» **Task brief**:
From the listing below, output only the lines starting at the line that has "FASS Drop-In Series" and ending at the line that has "After earning her", exactly as they appear, ends included.

» **Extracted records**:
■ ■ ■ ■ ■ ■ ■
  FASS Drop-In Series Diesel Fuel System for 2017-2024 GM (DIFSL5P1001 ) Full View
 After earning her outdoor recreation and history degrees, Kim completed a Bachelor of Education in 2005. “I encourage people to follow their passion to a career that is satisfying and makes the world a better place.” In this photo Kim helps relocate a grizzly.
■ ■ ■ ■ ■ ■ ■
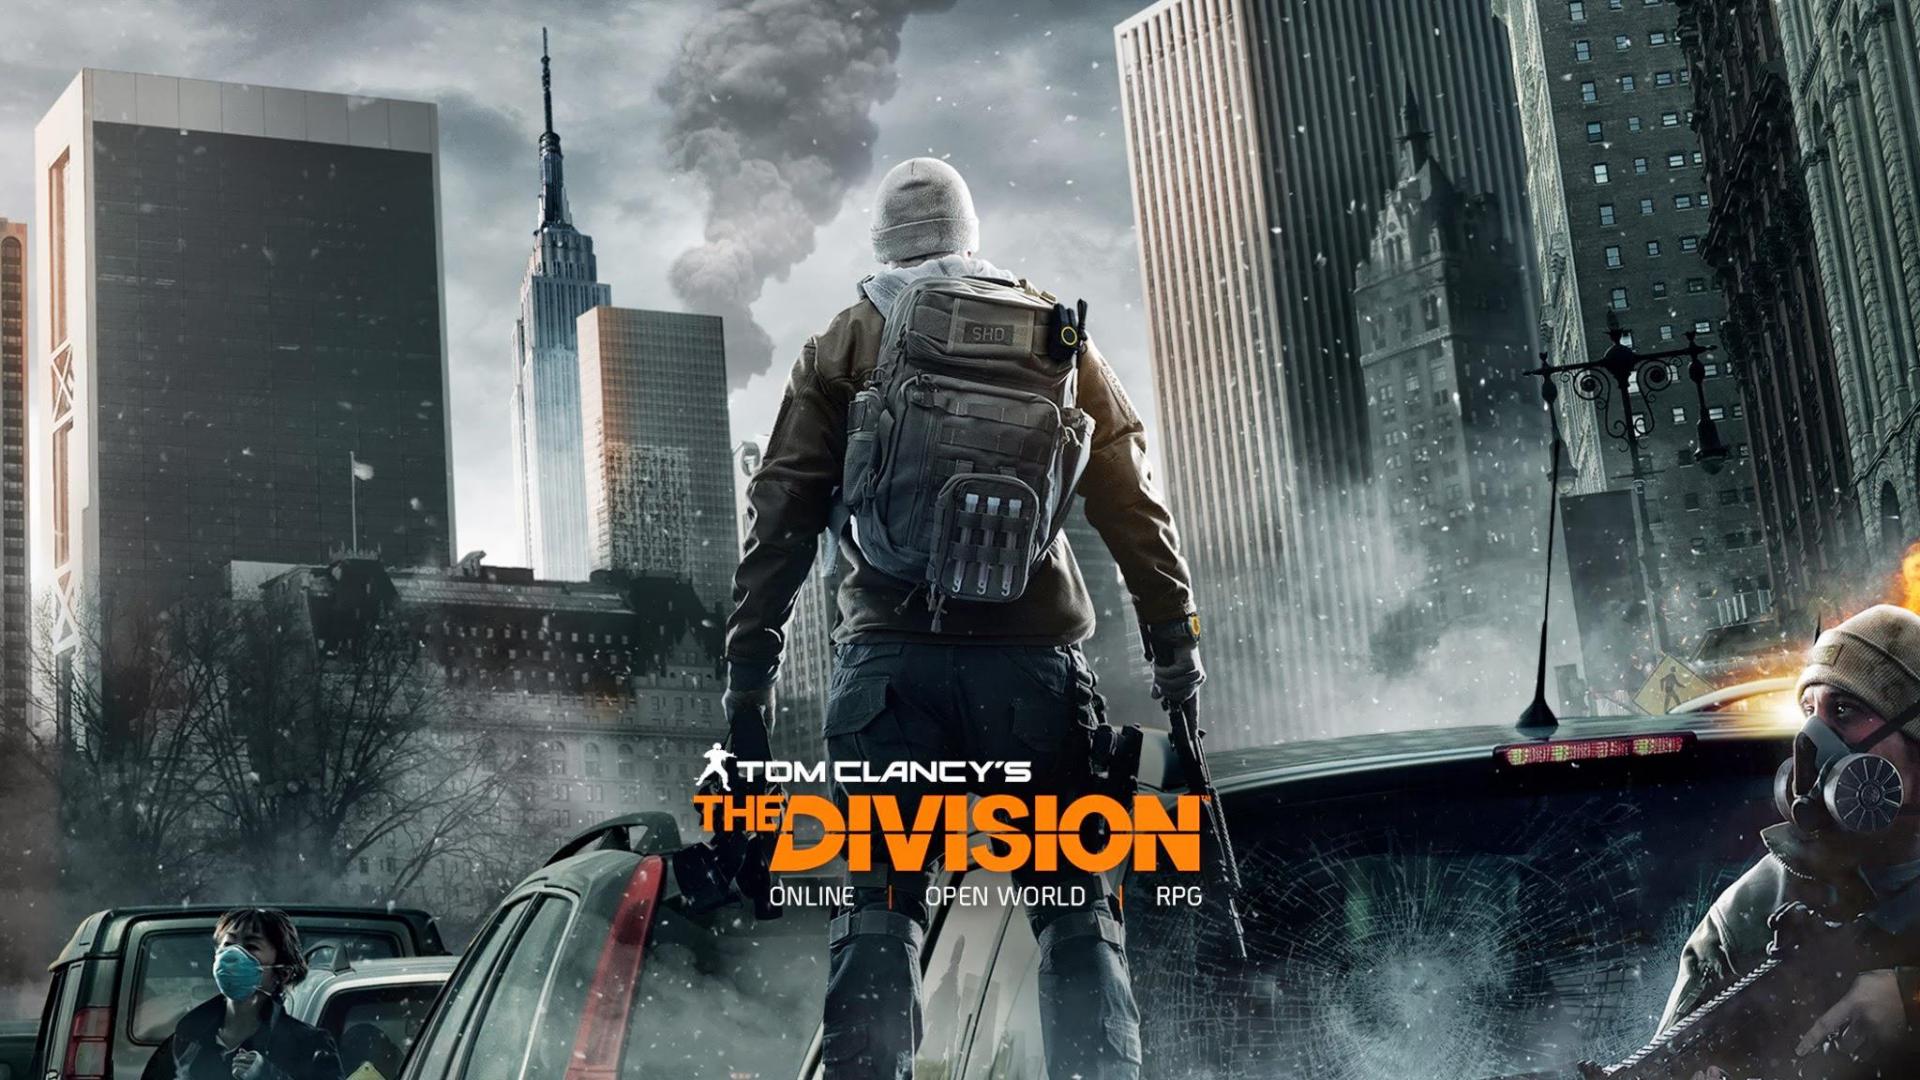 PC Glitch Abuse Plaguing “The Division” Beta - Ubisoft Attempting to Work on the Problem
■ ■ ■ ■ ■ ■ ■
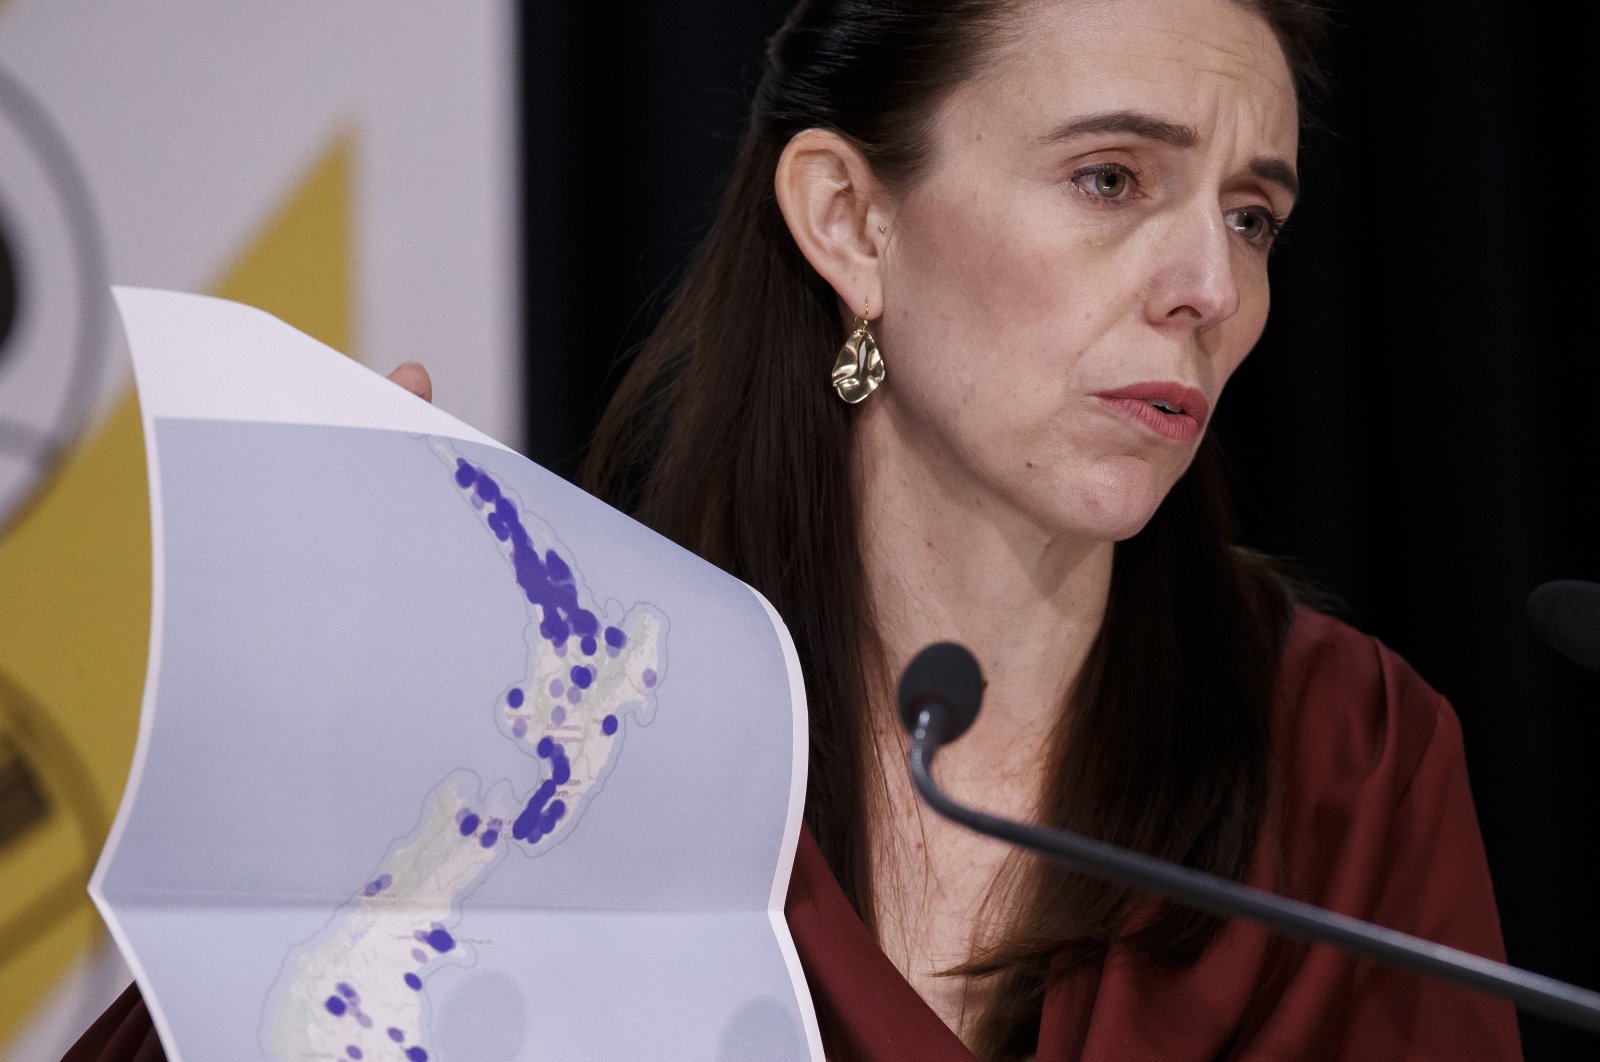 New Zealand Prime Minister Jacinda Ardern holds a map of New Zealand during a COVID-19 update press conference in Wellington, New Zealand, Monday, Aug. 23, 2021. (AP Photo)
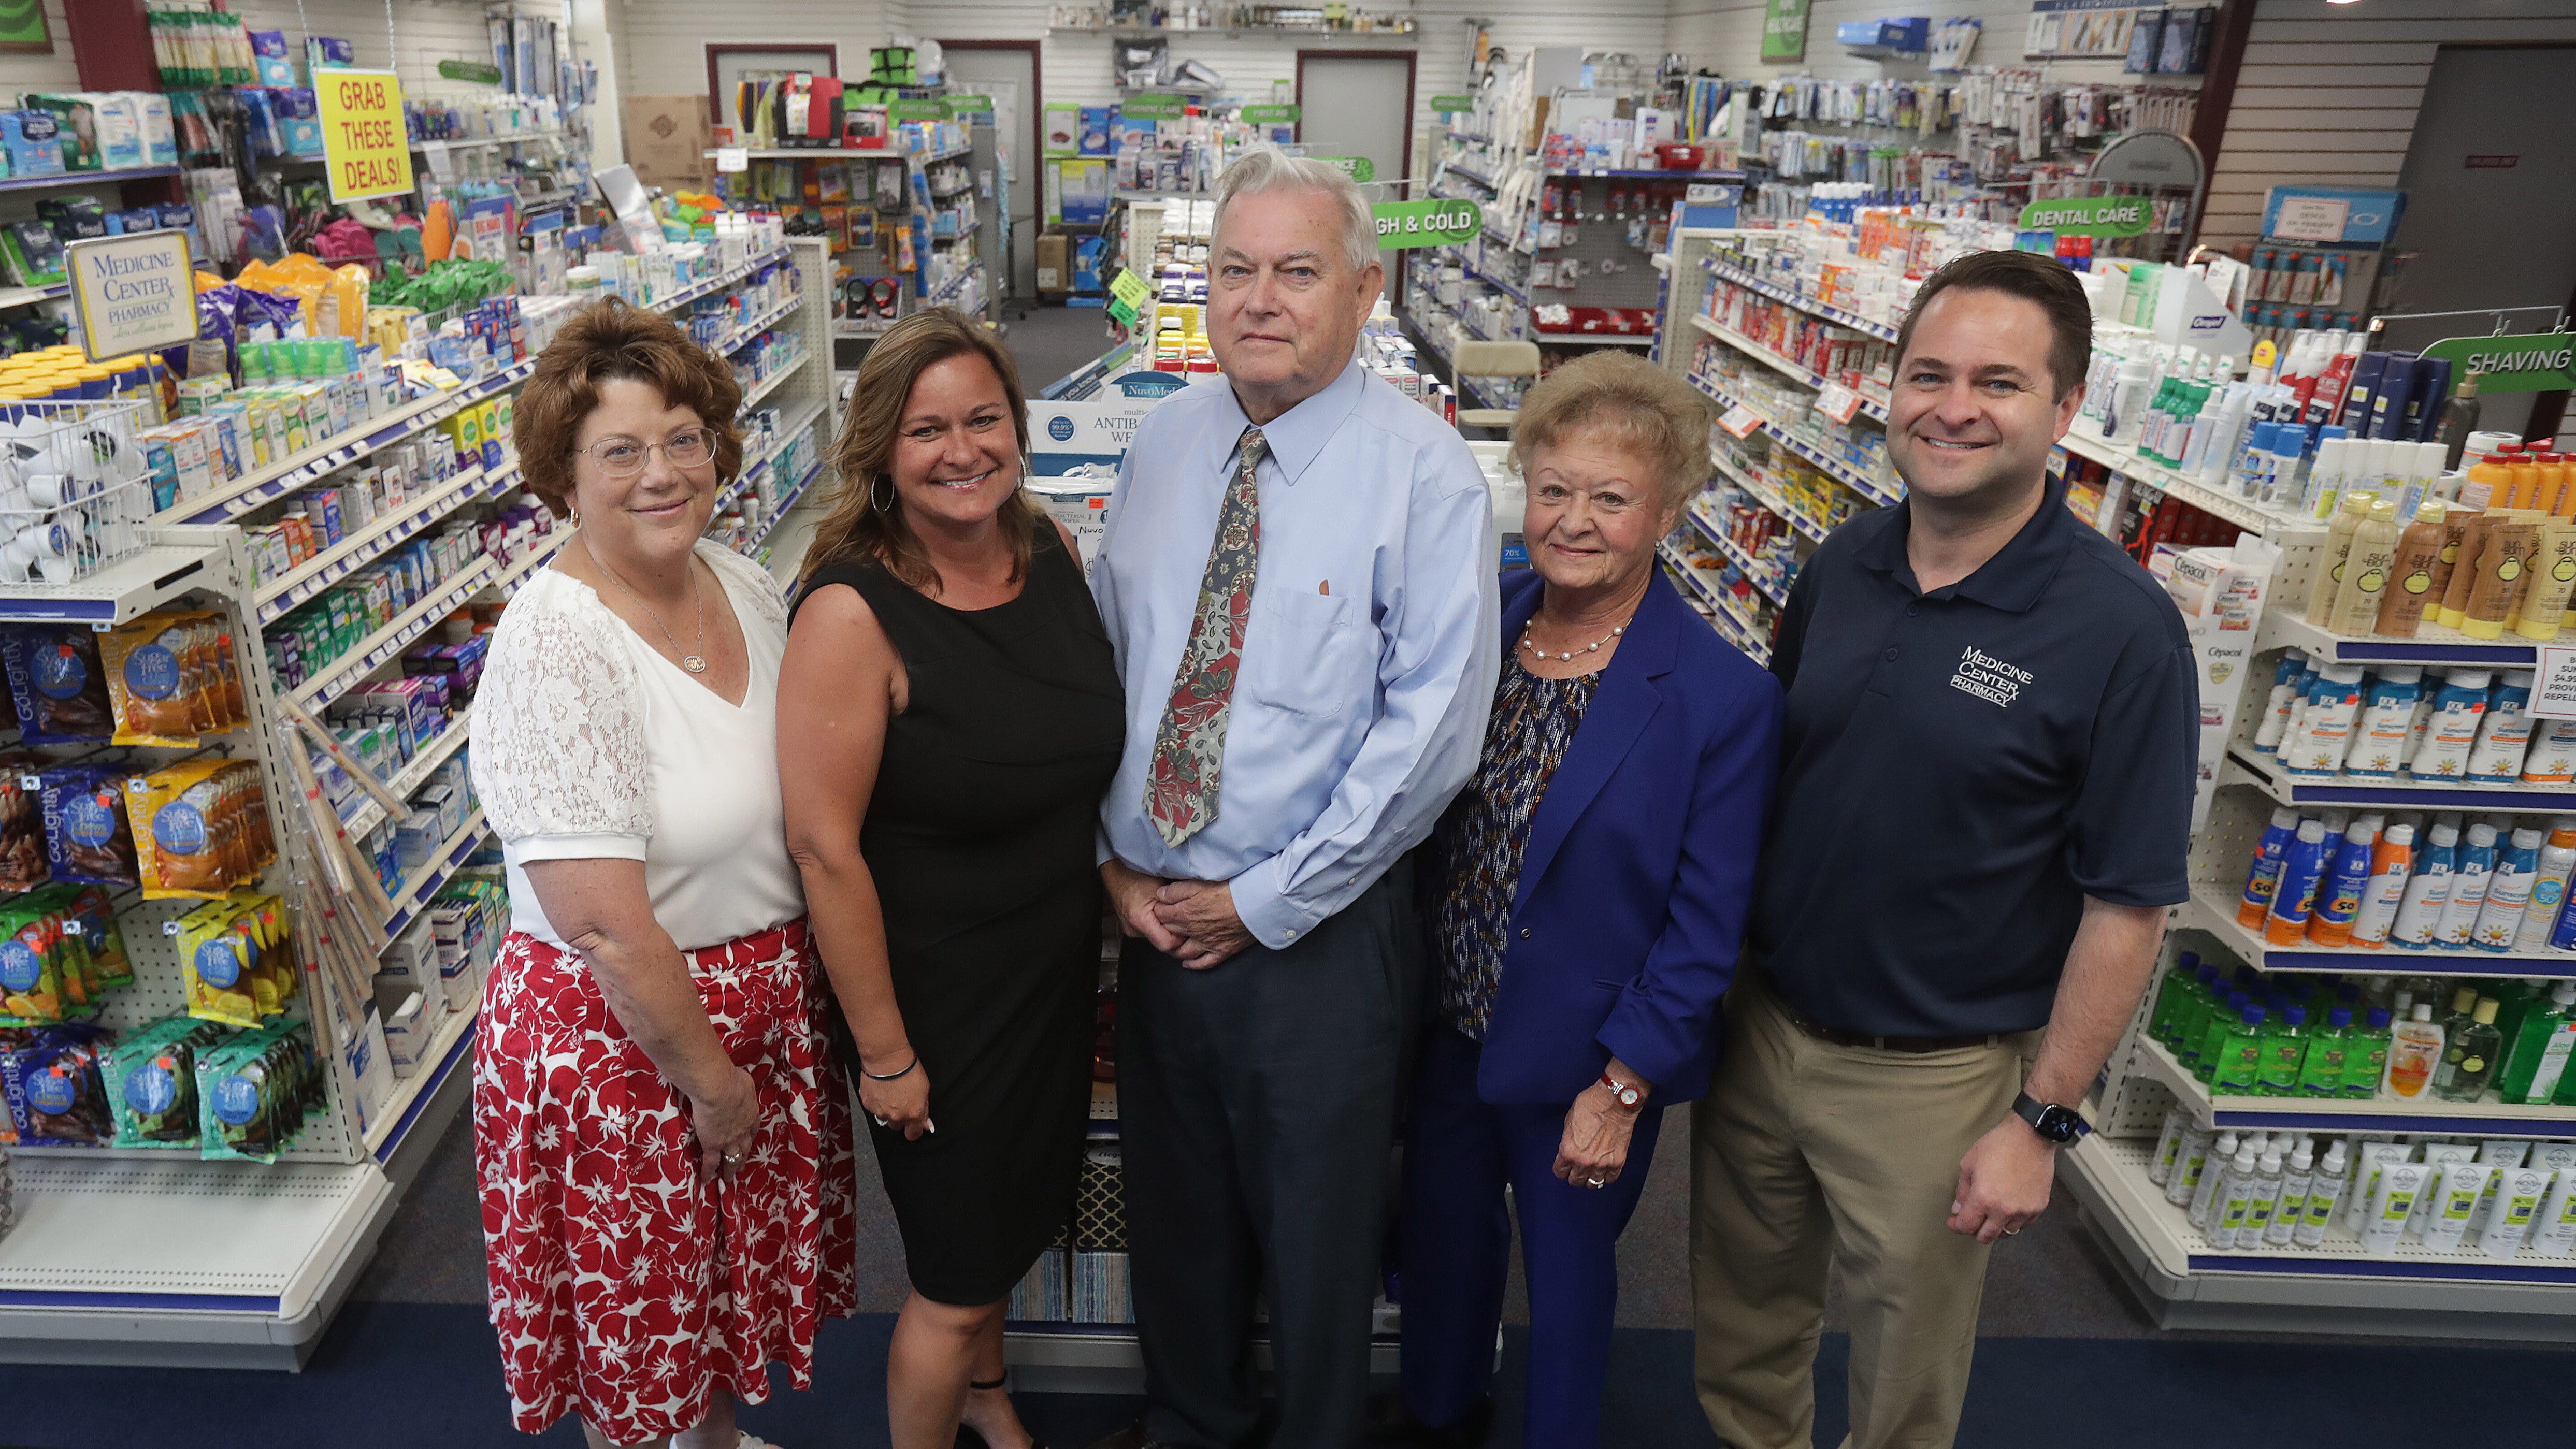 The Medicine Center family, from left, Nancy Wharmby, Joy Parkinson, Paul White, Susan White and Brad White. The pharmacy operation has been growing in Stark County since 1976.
■ ■ ■ ■ ■ ■ ■
» **Response to this exercise**:
  FASS Drop-In Series Diesel Fuel System for 2017-2024 GM (DIFSL5P1001 ) Full View
 After earning her outdoor recreation and history degrees, Kim completed a Bachelor of Education in 2005. “I encourage people to follow their passion to a career that is satisfying and makes the world a better place.” In this photo Kim helps relocate a grizzly.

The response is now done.